Inchydoney Island near Clonakilty, West Cork, is an award-winning beach with an interesting history and a local legend revolving around a supposed appearance of the Blessed Virgin, writes Mary Rose McCarthy.

Inchydoney, three kilometres to the west of Clonakilty, West Cork recently earned the accolade of the best beach in Ireland. It consists of two long stretches of sandy beaches fringed by marram grass dunes. A finger of rock which stretches into the Atlantic separates the two beaches. This rock is known as the Virgin Mary’s Bank owing to the legend that the Madonna came there to pray. The blue flag beach is popular with swimmers, walkers, and surfers, among locals and tourists from all corners of the globe.

The Hungerford family, from the house of Hungerford of Farley, in Somerset, came to Ireland with the forces of Cromwell. They left England in May 1647. As was customary at the time, Earldoms and fiefdoms were bestowed on loyal subjects after battle. Thus, Captain Thomas Hungerford was installed at Rathbarry four miles west of Inchydoney. They did not remain long in Rathbarry. Richard Hungerford went to Inchydoney in 1690 where he owned a substantial part of the island. Another Hungerford moved to Cahermore near Rosscarbery.

The Hungerford’s played a prominent role in life in Clonakilty until the early 1900s. Richard, a descendent of the first Richard to live in Inchydoney, played a part in dealing with the 1798 rebellion. Subsequently he rebuilt Inchydoney House on the site of the first house built there a century earlier. William Hungerford lived in what is now Emmet Square, in Clonakilty, and took an active part in the politics of the town.

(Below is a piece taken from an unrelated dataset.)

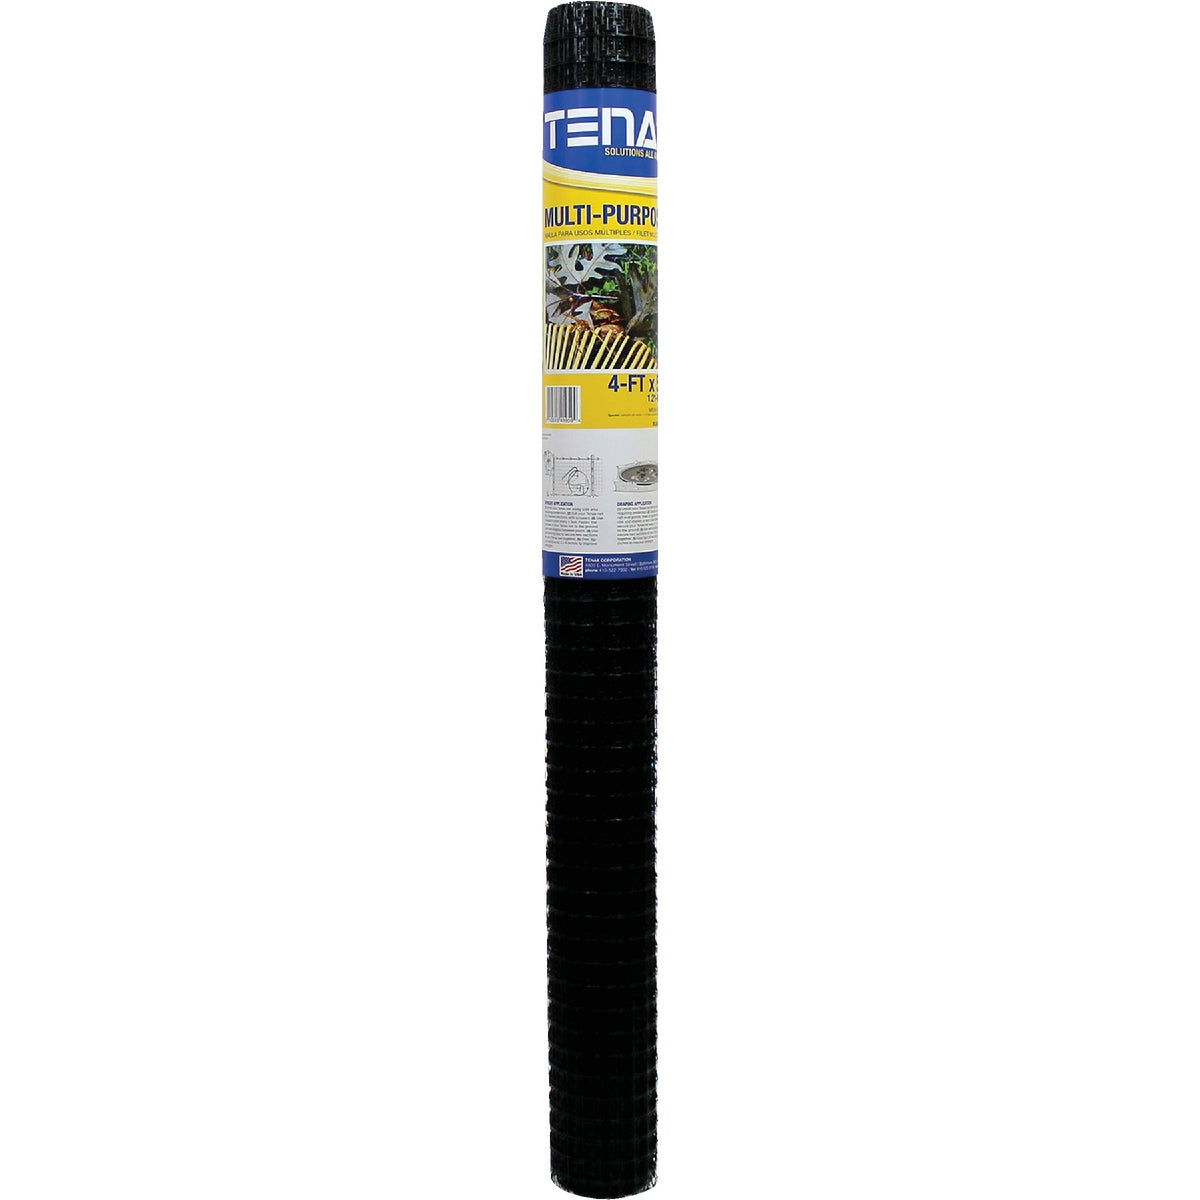 4X50 BLK MULTI NET - 419594 by Tenax Corporation

Margaret Hamilton, of Rosscarbery, married into the Hungerford family. As a widow with three young children, she wasn’t accepted by the family and went to live in what is now Overton House near Bandon. To support her family she wrote novels. The most famous of these is Molly Bawn, which gets a mention in chapter 18 of Ulysses by James Joyce.
Margaret Hungerford published in the name Mrs. Hungerford and at times under the pseudonym The Duchess. She is credited with coining the phrase, ‘beauty is in the eye of the beholder’. She wrote over fifty books in total, the last, The Coming of Chloe was published posthumously. She died of typhoid fever in 1897 and is buried in the Hungerford vault in Rosscarbery.

In 1905, the Hungerfords attempted to block all people using a public path through their estate that led to Inchydoney beach. Mary Hungerford refused to back down, which resulted in a group of angry locals tearing down the gates and asserting their rights to the public path.